The Golden Record in Interstellar Space – What’s Missing?

Sometimes we forget to check out what the rest of the world thinks of sacred music.  Heck, doesn’t everyone think about it all the time as we do?  Hmmm, maybe not.

Some who read this blog are probably not old enough to remember the launch of the Voyager spacecraft in 1977.  Both Voyager 1 and 2 are now in interstellar space.  The Golden Record they carry contains a collection of sounds of earth in case the spacecrafts ever encounters another civilization.

You can read about the Record and see its contents on the JPL site devoted to the mission.  It’s fascinating and wonderfully optimistic.  And who doesn’t remember Carl Sagan? When you look at the music selections, what’s missing?

5 Replies to “The Golden Record in Interstellar Space – What’s Missing?”
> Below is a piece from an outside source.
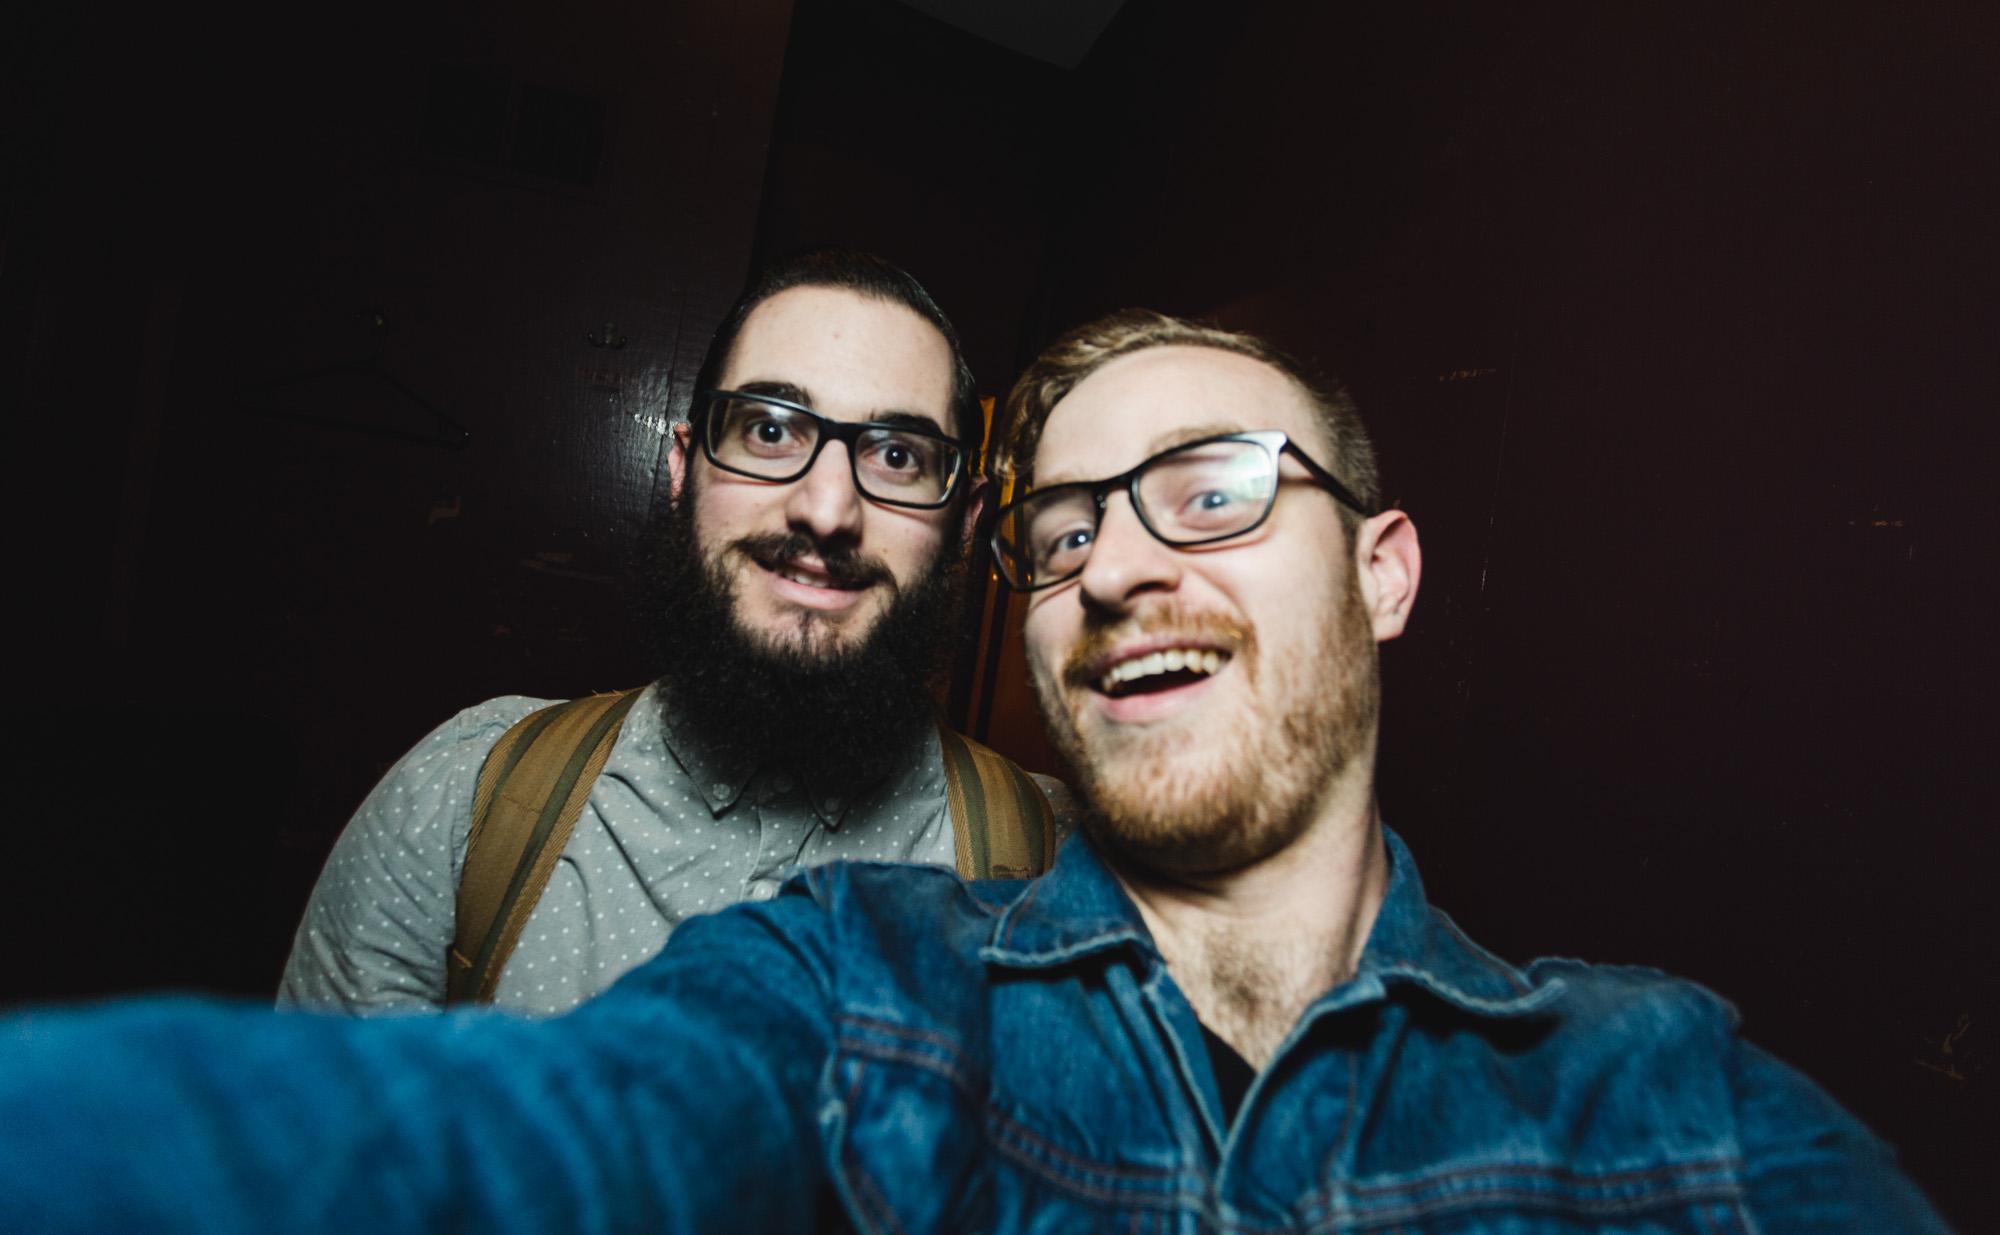 Quinn Selfie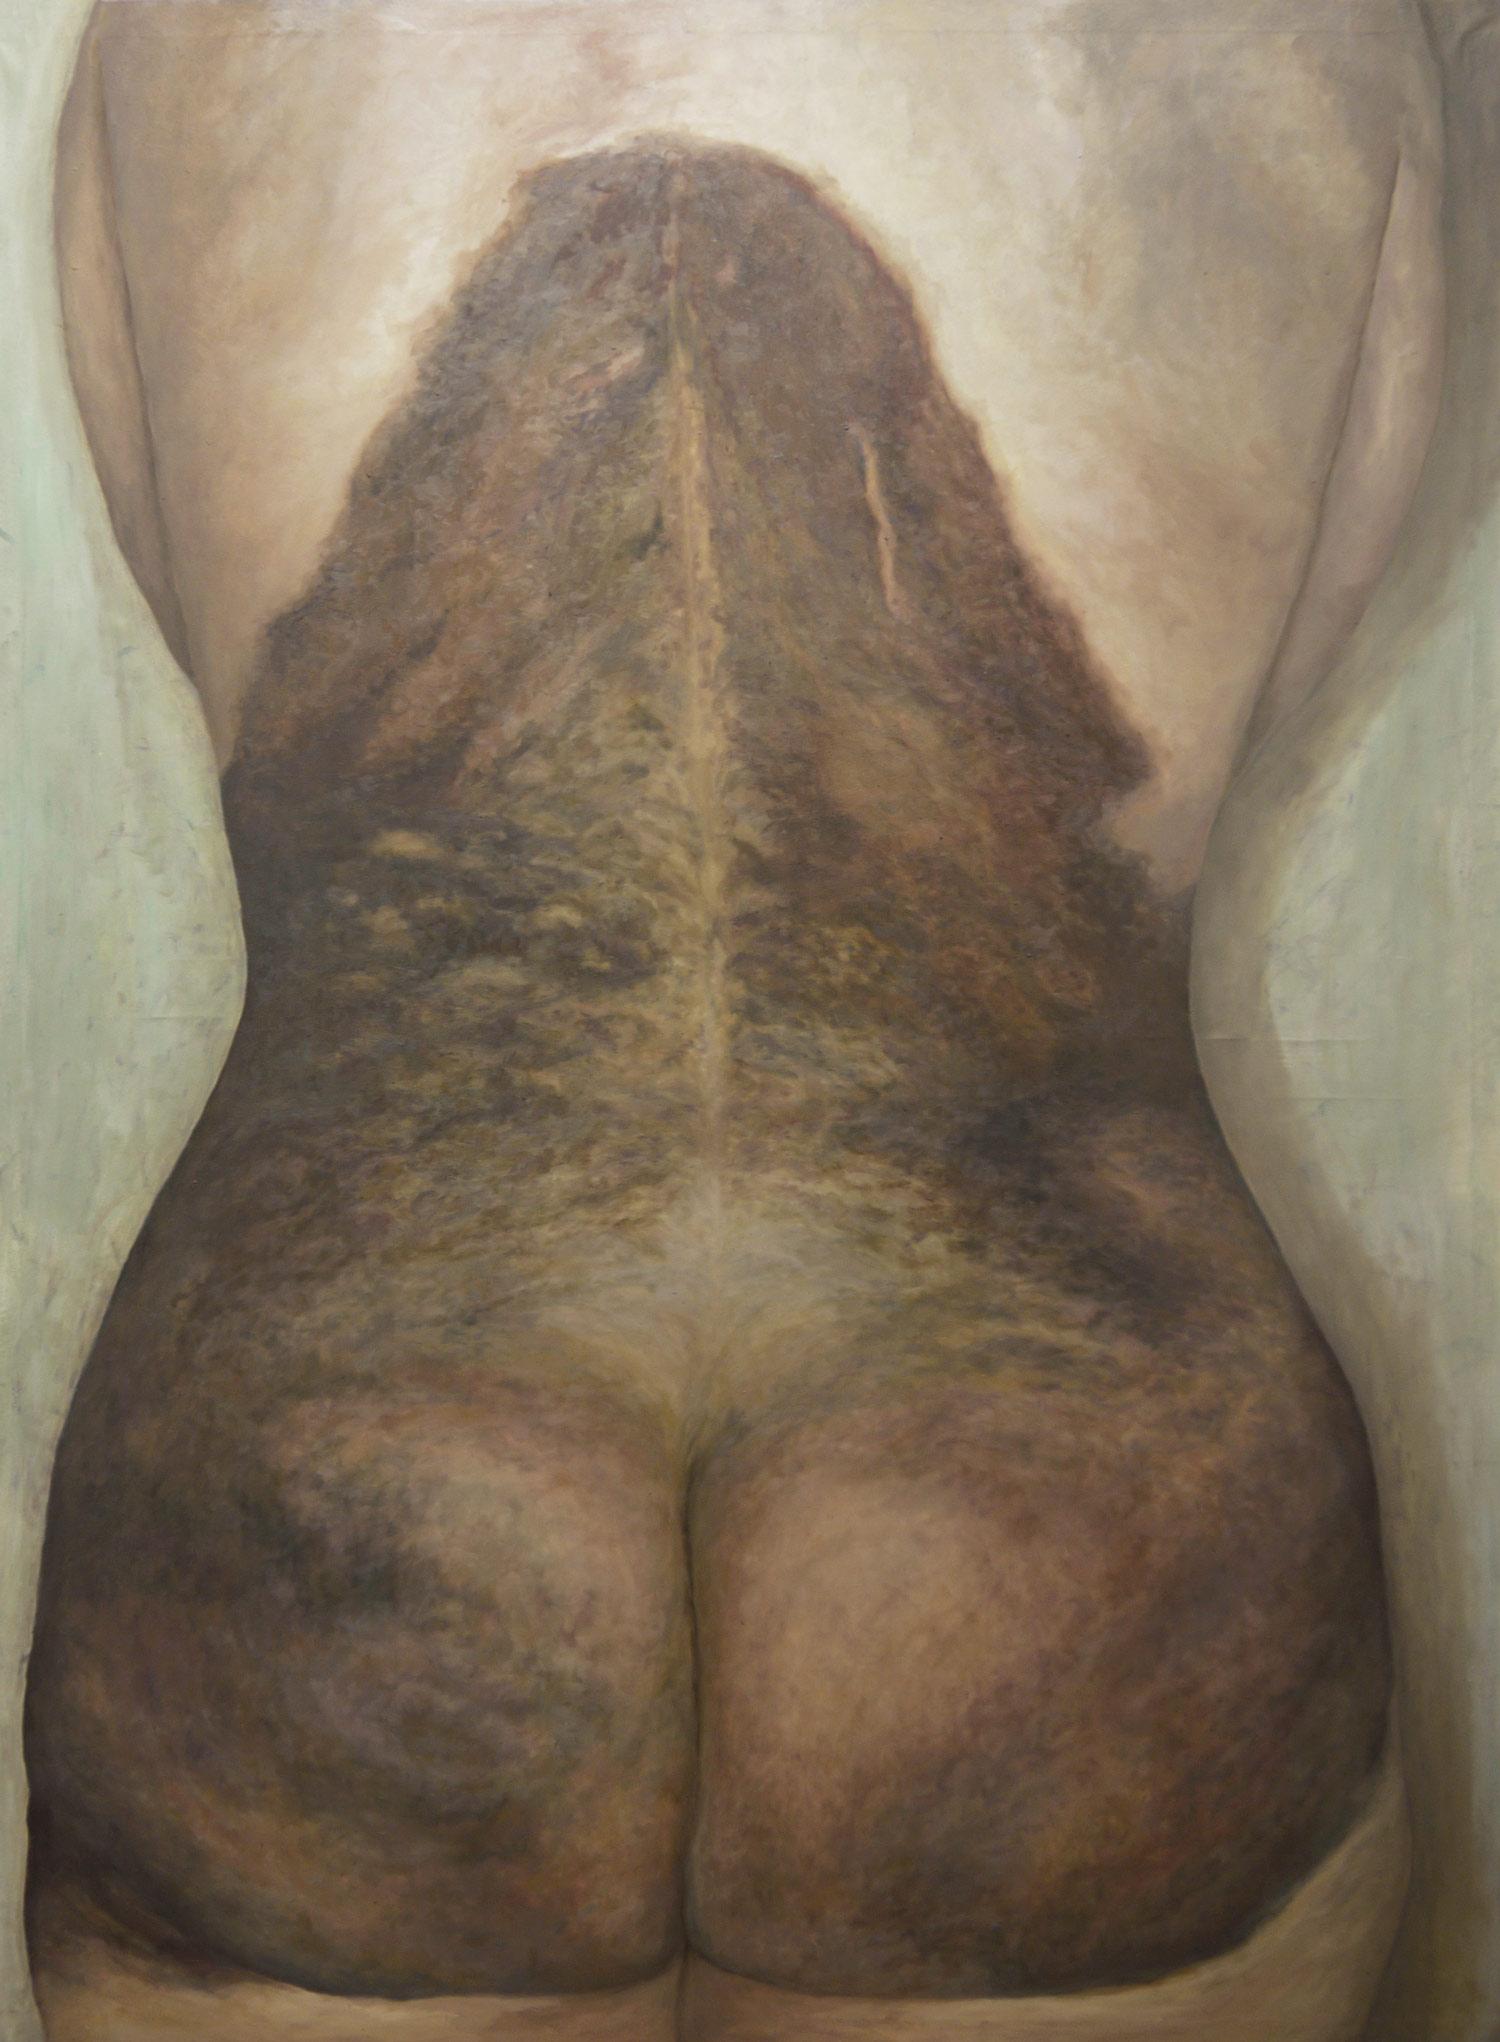 Laura Link . Neavus Flammerus Gigantus 2 . 2014 . Öl auf Leinwand . 170 x 120

  1. 3 Bach instrumentals but no Bach choral music… neanderthal heretics! (what, you meant something else :)?)

  2. Har — the French greeting is "Bonjour, tout le monde."

    There's Latin, but not in ecclesiastical pronunciation.

  3. Liberal fantasy not unlike the film "2012" in which every religious person is wiped from the planet (except a Tibet monk, because, you know, Westerners are under the delusion that Buddhism is Politically Correct on any given subject). This and Carl Sagan's record are almost pornographic.